● **DIRECTIONS FOR THIS TASK**:
Write out the listing below without alteration, omitting its pictures.

● **INFORMATION SHOWN**:
*** Begin section ***

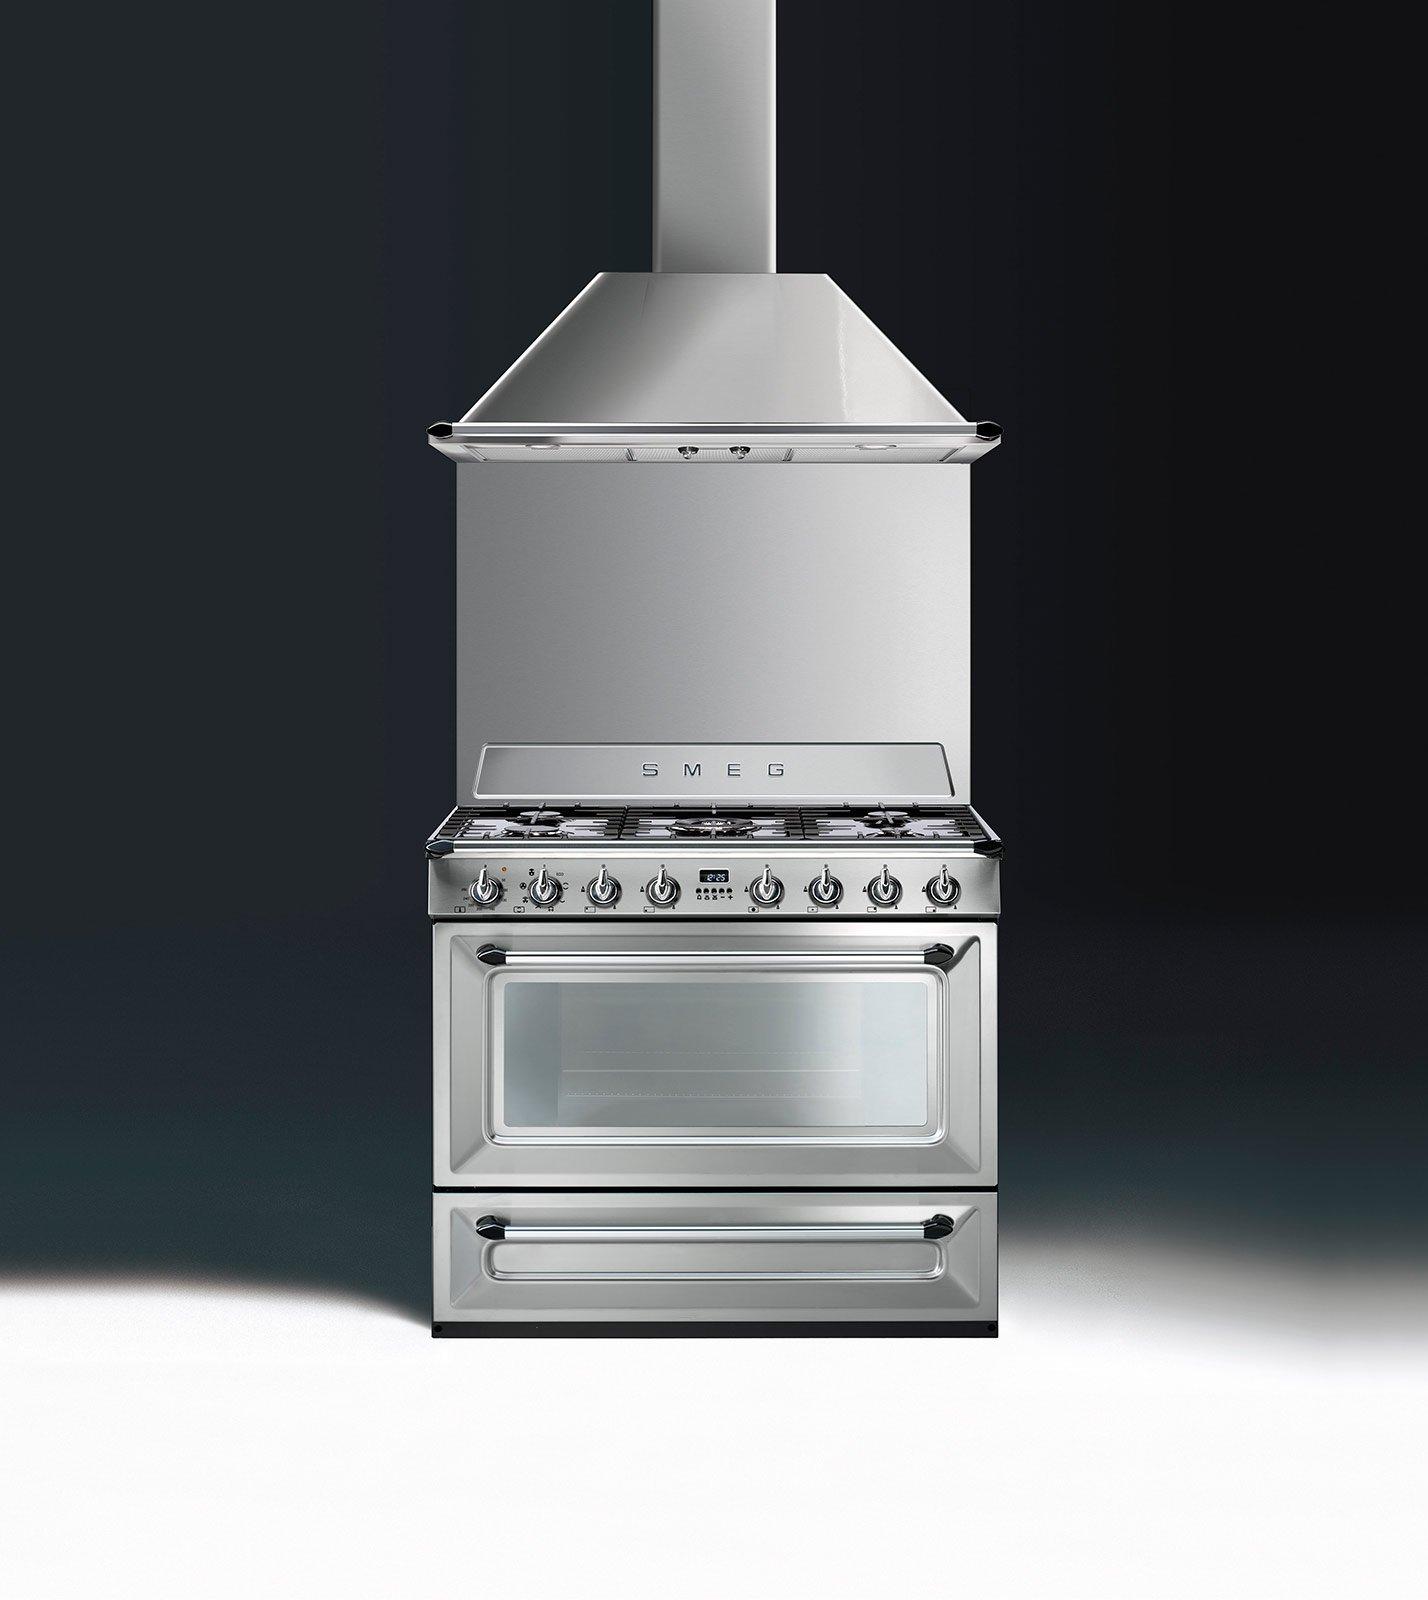 Mobili lavelli monoblocco forno piano cottura - Cucina a gas in offerta ...
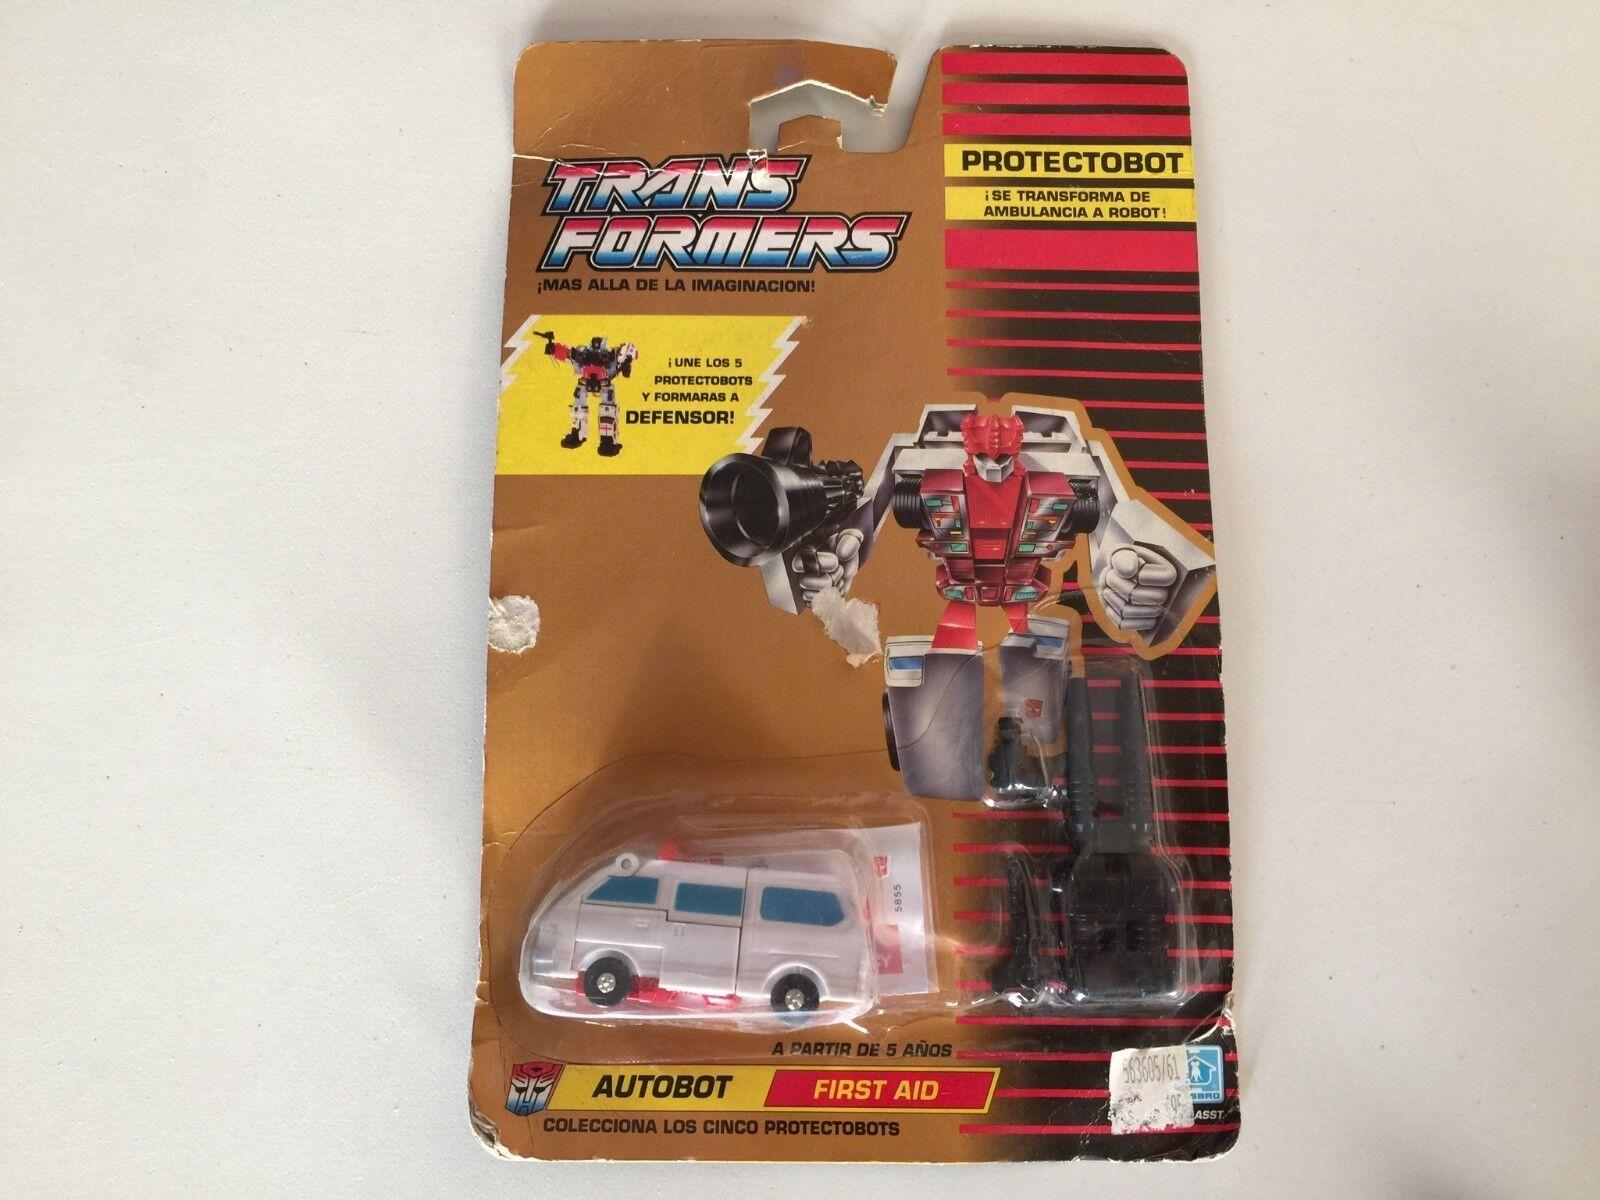 Transformers G1 1990 primeros auxilios en perfecto estado en Cochetón sellado defensor europeo MB spannish
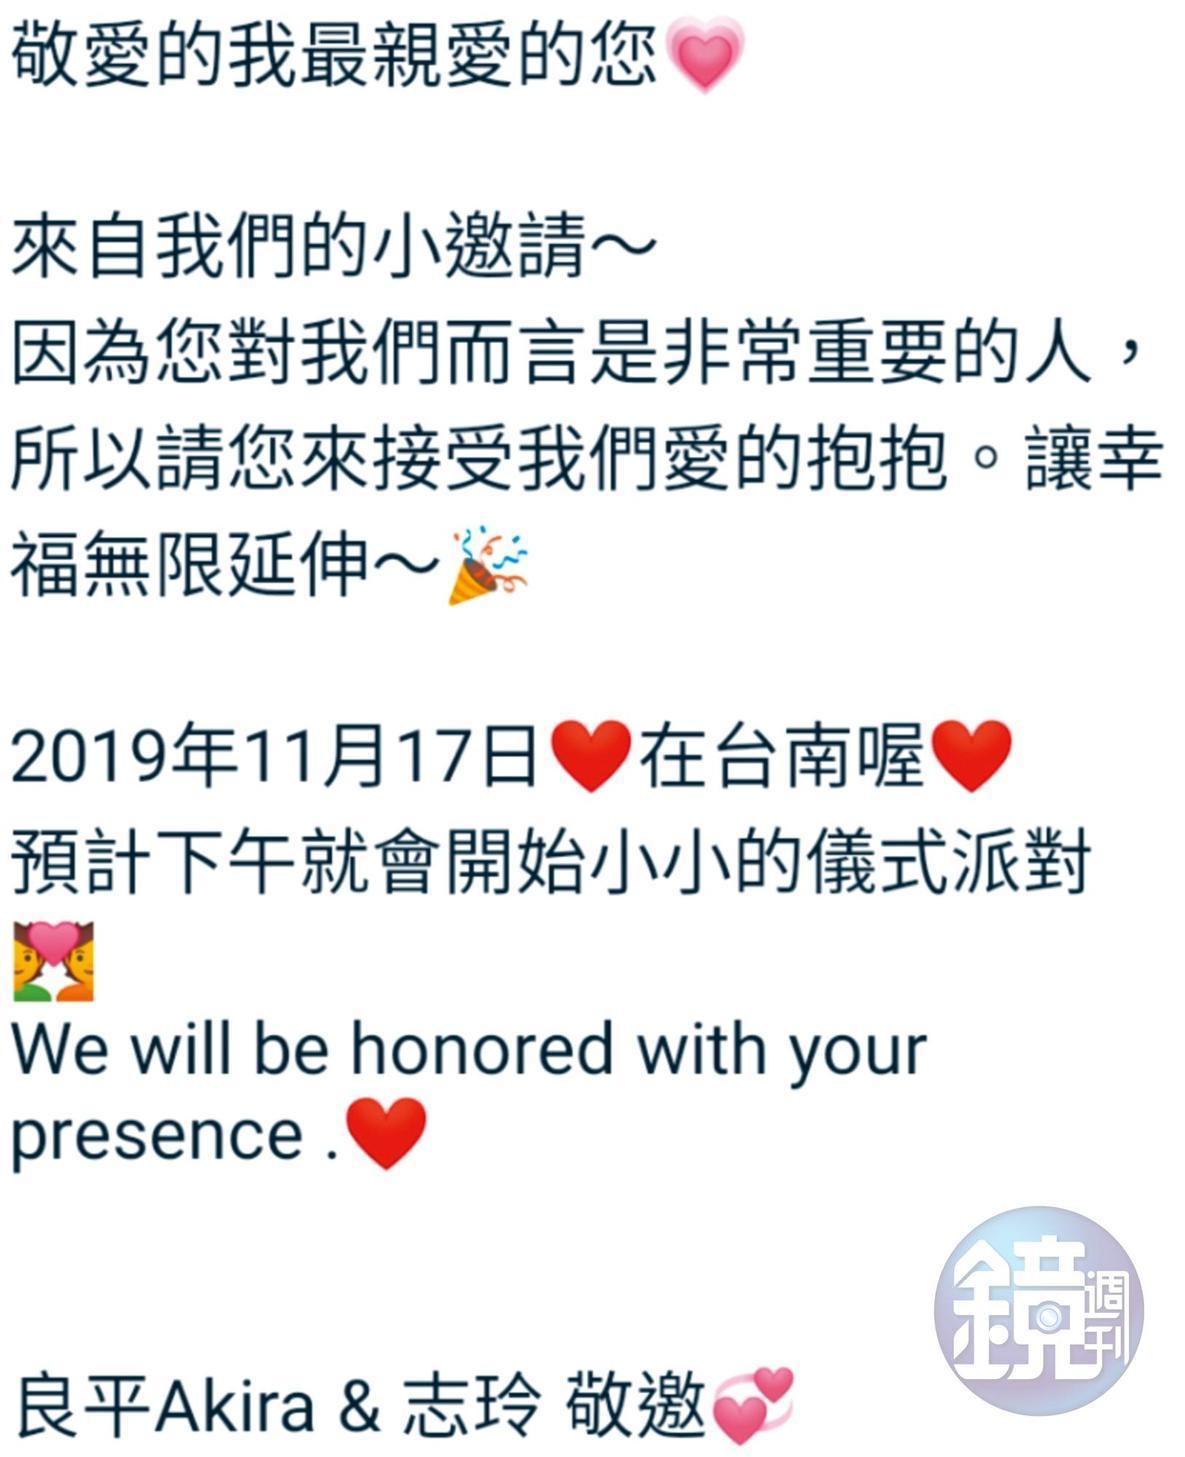 本刊日前獨家披露林志玲和老公Akira的婚宴將在11月17日於台南舉辦,也曝光邀請函上的文字內容。

*** End section ***

● **REPLY TO THE EXERCISE**:
 Mobili lavelli monoblocco forno piano cottura - Cucina a gas in offerta ...
 Transformers G1 1990 primeros auxilios en perfecto estado en Cochetón sellado defensor europeo MB spannish
 本刊日前獨家披露林志玲和老公Akira的婚宴將在11月17日於台南舉辦,也曝光邀請函上的文字內容。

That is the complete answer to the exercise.